Repeat all of the data word for word so that only the pictures are missing from the copy.

GIVEN MATERIAL:
########################################

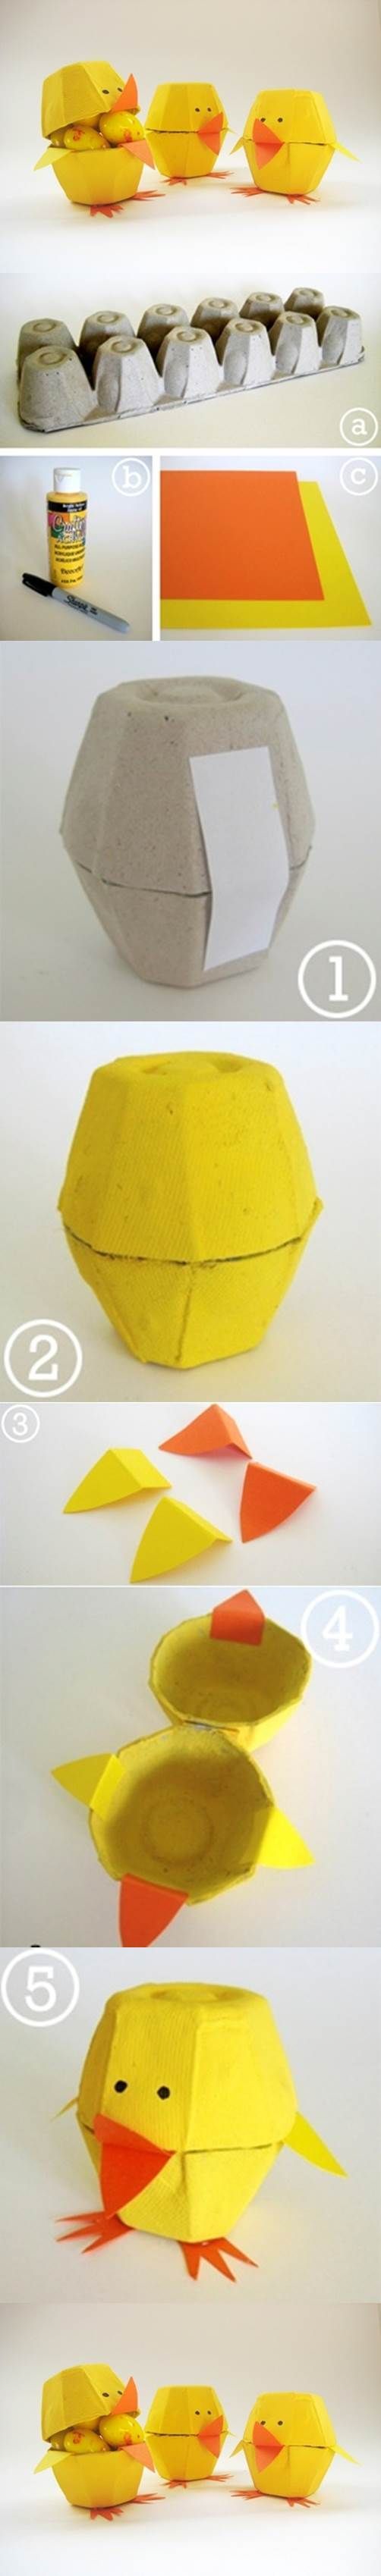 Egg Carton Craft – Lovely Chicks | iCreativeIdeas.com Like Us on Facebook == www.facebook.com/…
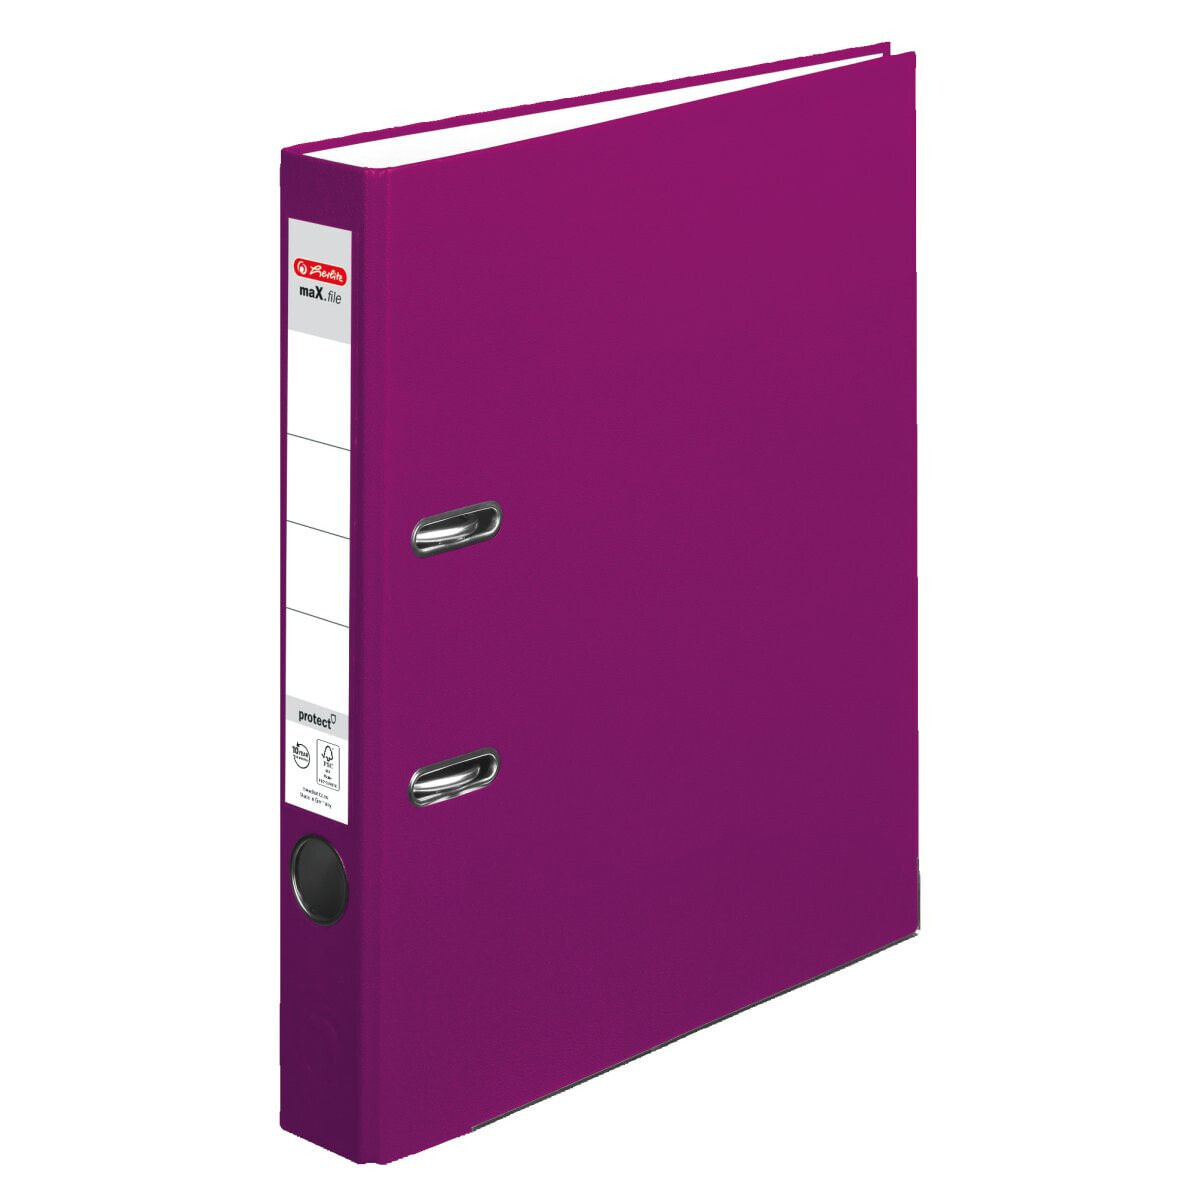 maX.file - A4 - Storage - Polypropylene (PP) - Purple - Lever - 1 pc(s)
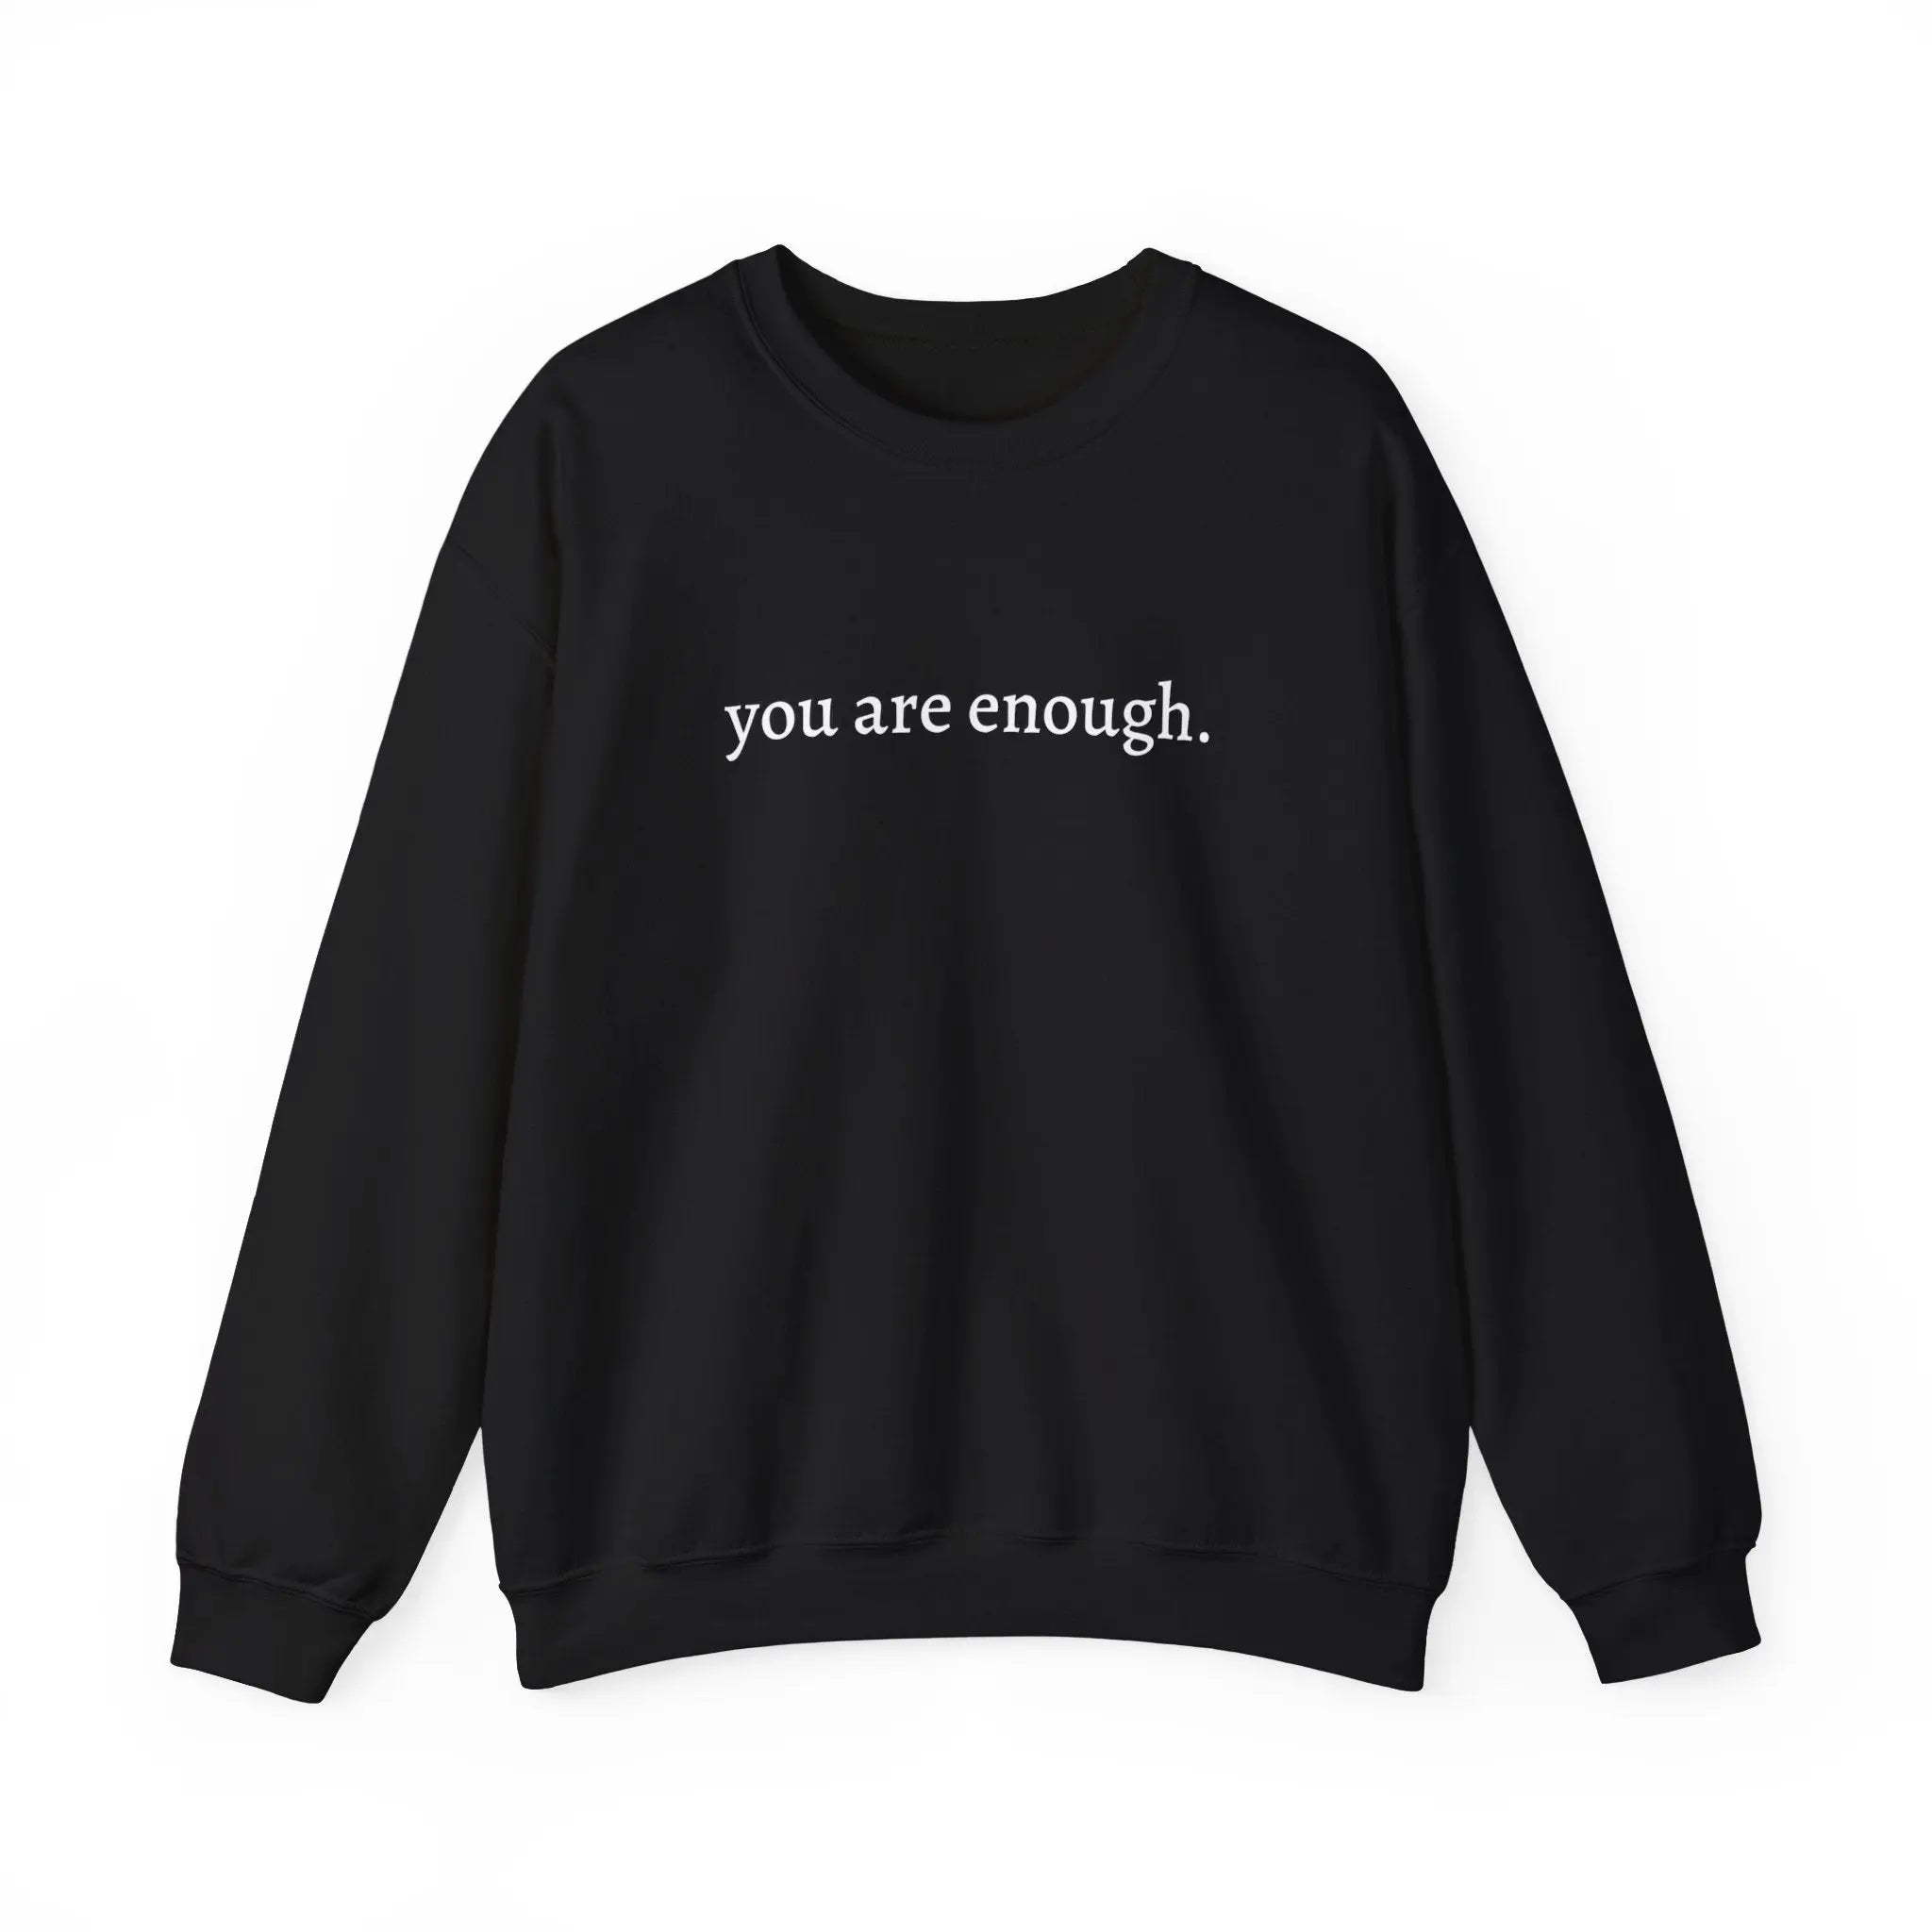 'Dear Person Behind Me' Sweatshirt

########################################

ANSWER BELOW:
 Egg Carton Craft – Lovely Chicks | iCreativeIdeas.com Like Us on Facebook == www.facebook.com/…
 maX.file - A4 - Storage - Polypropylene (PP) - Purple - Lever - 1 pc(s)
 'Dear Person Behind Me' Sweatshirt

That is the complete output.